■ **Aim of the exercise**
Only the lines below from the one that holds "Январь 2021 г." through the one that holds "Ribbed Socks, 2 of 1" should appear in the answer, copied exactly, end lines included and pictures omitted.

■ **Records to process**
BEGIN
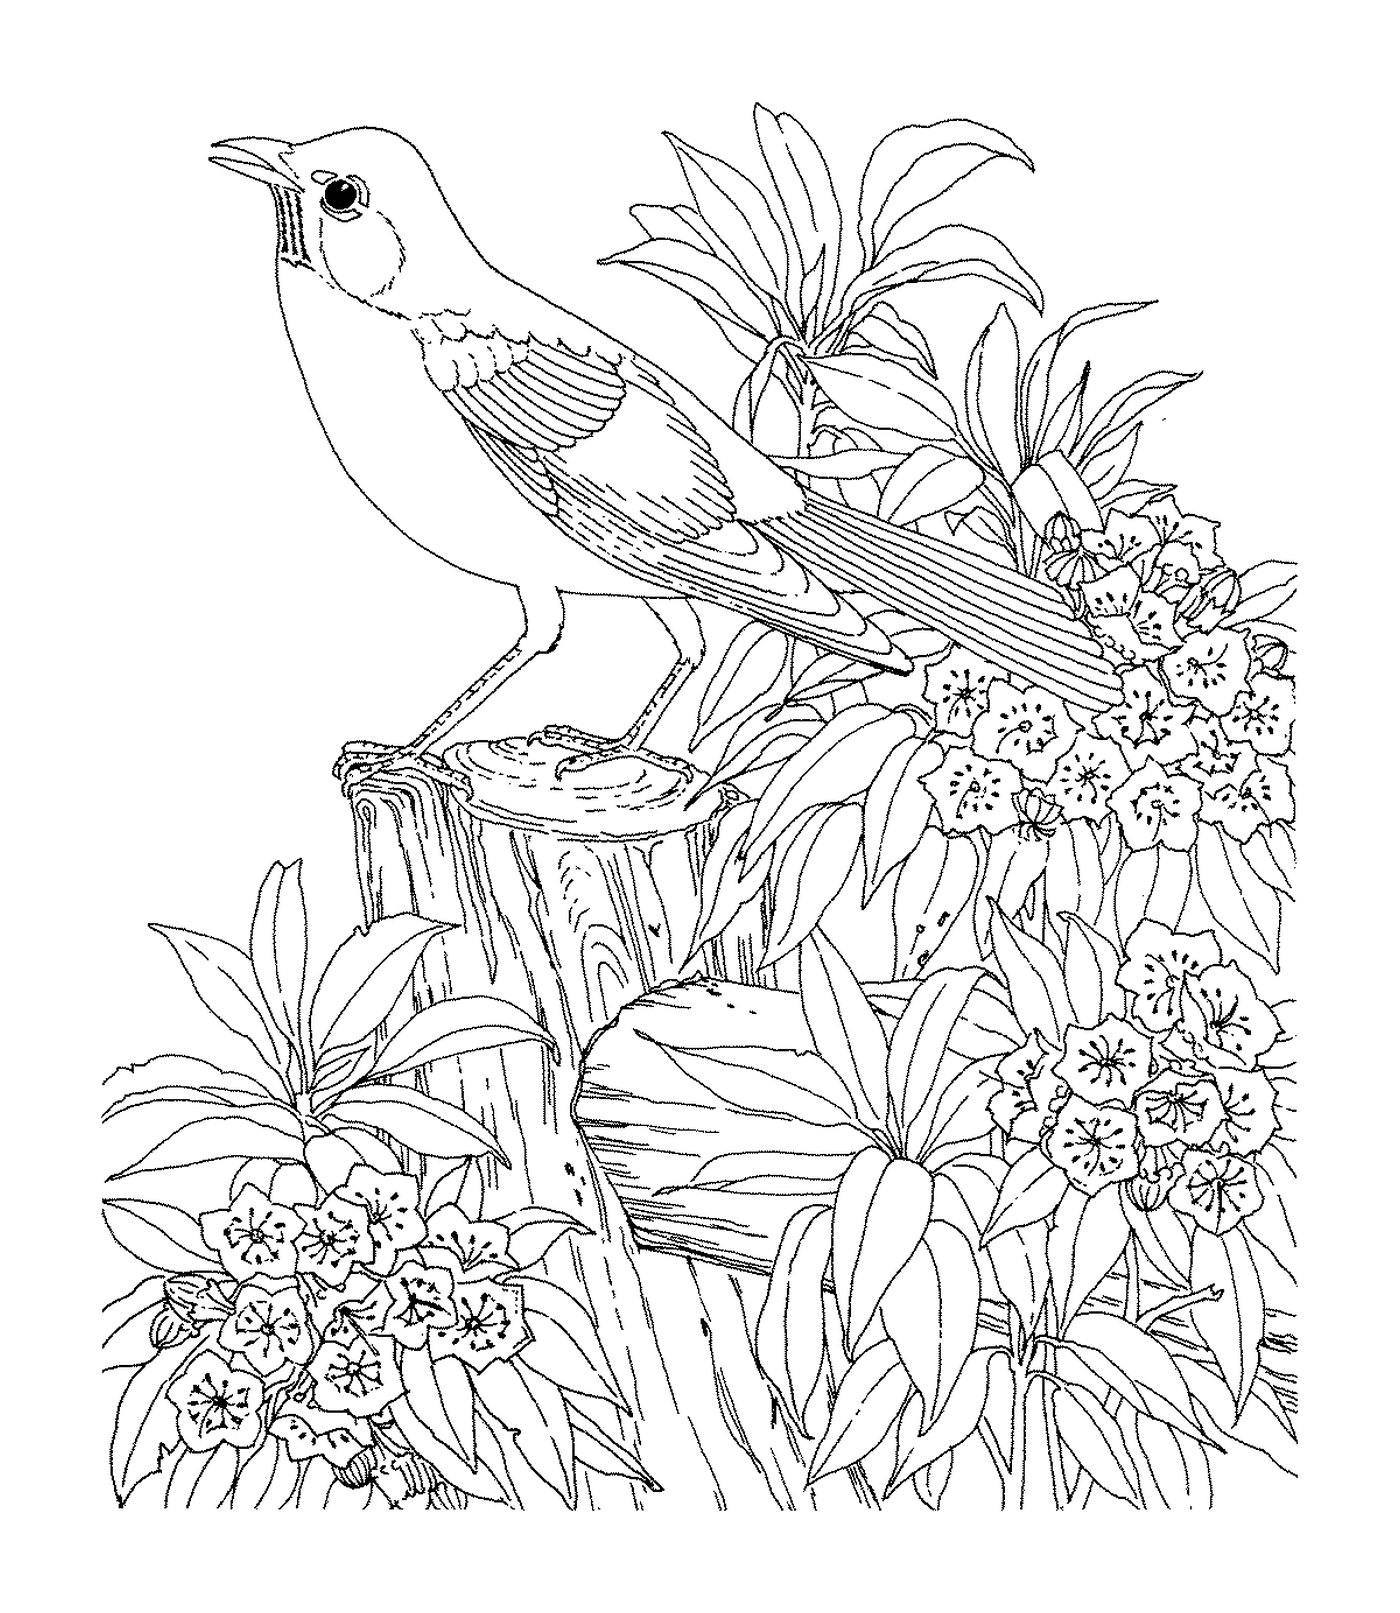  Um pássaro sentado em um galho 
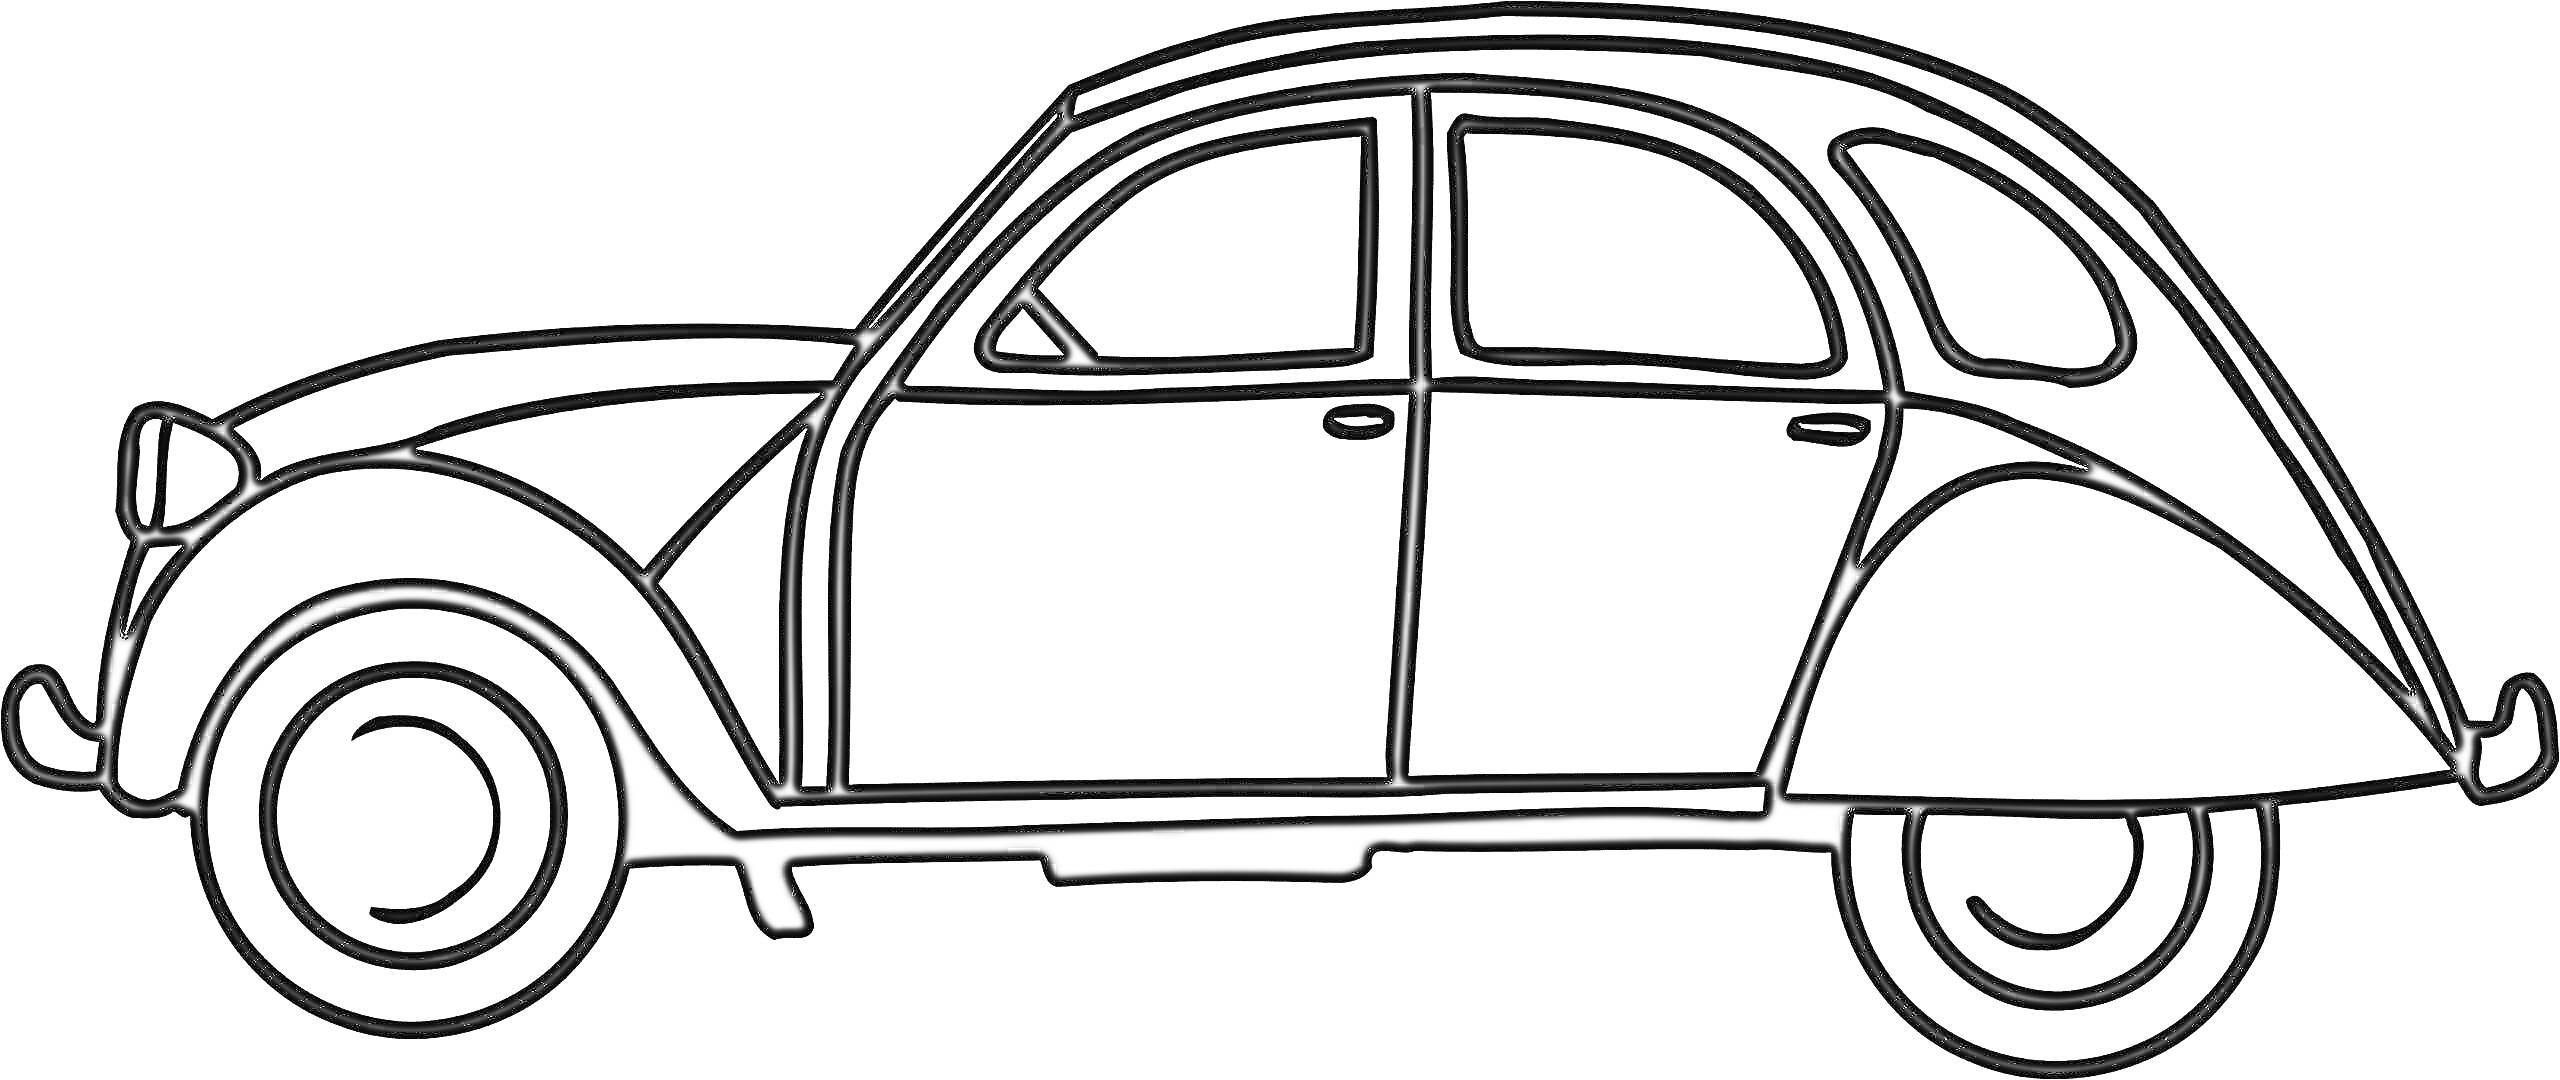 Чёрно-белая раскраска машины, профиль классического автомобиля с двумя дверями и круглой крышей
END
BEGIN
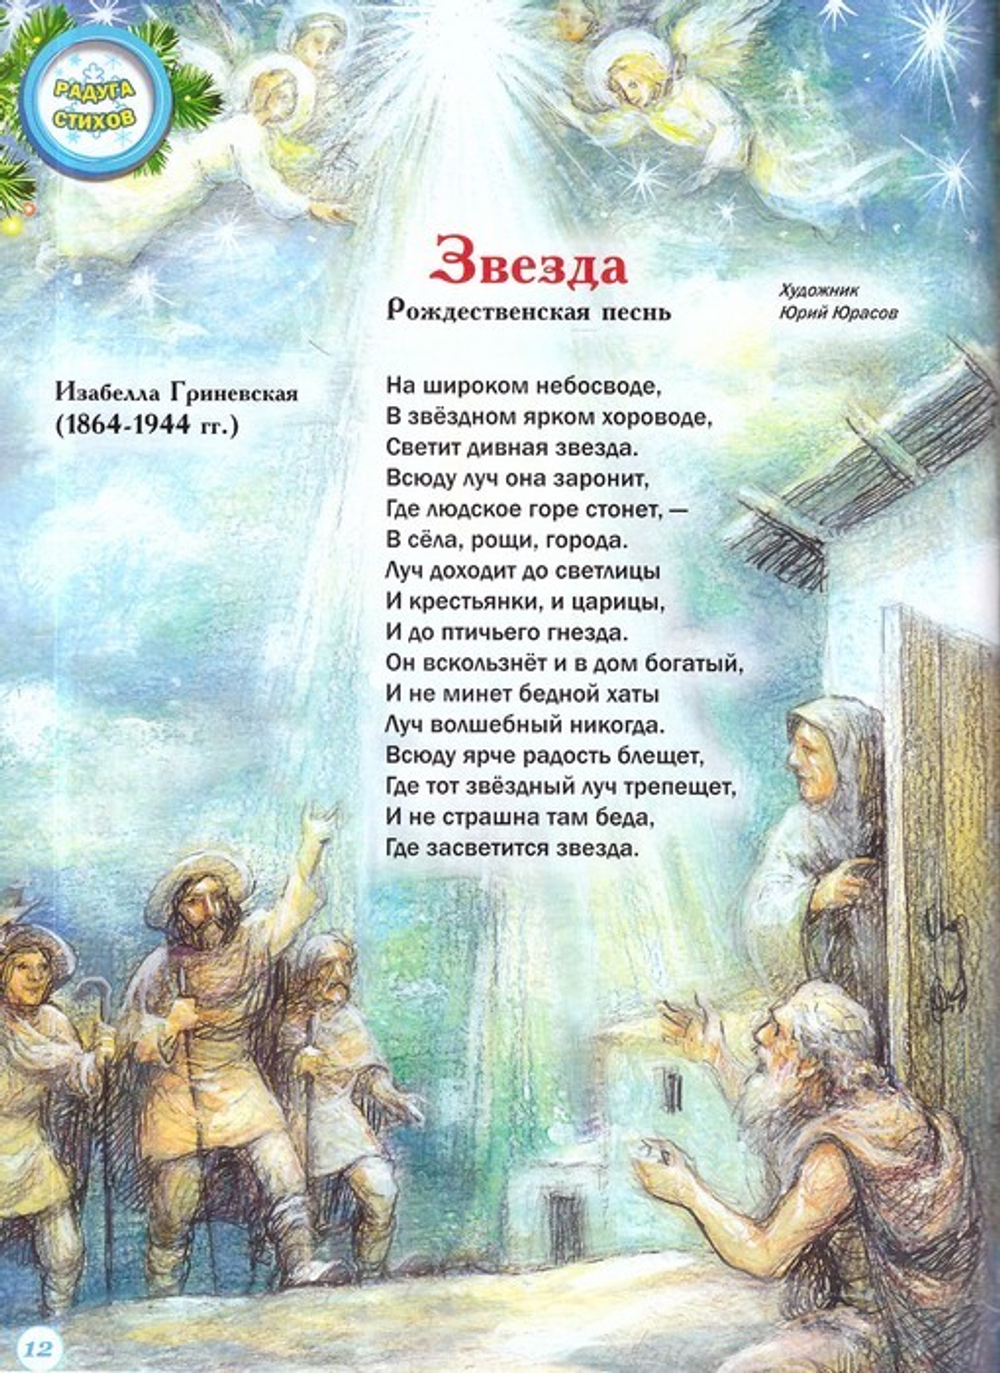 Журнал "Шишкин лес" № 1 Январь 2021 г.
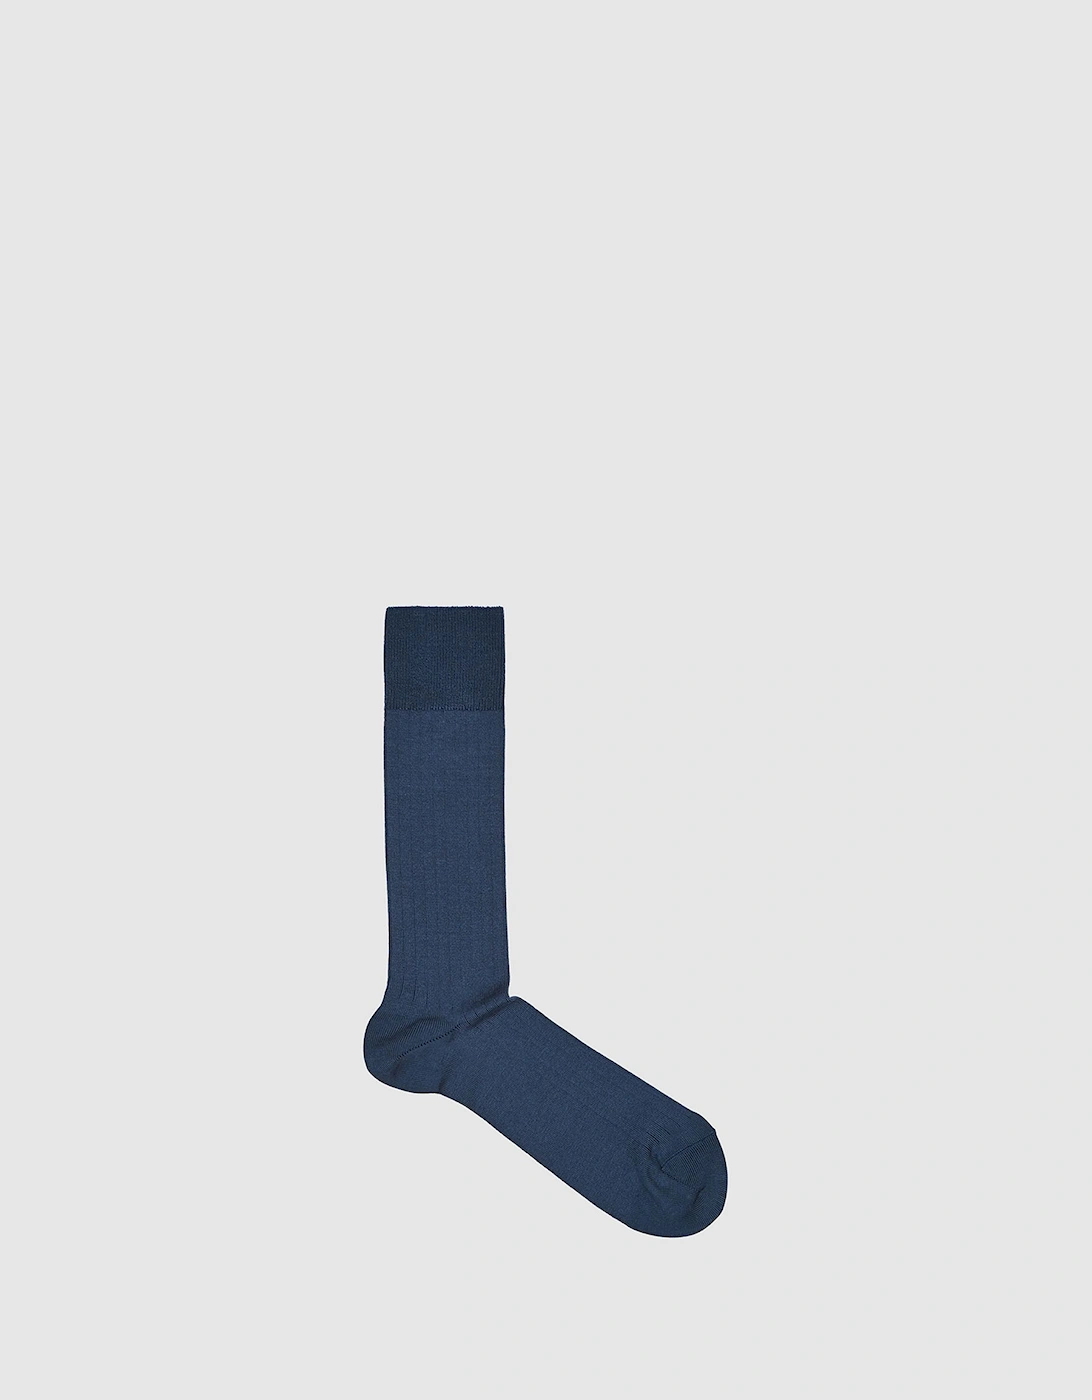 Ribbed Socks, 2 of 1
END
■ **Your solution**
 Журнал "Шишкин лес" № 1 Январь 2021 г.
 Ribbed Socks, 2 of 1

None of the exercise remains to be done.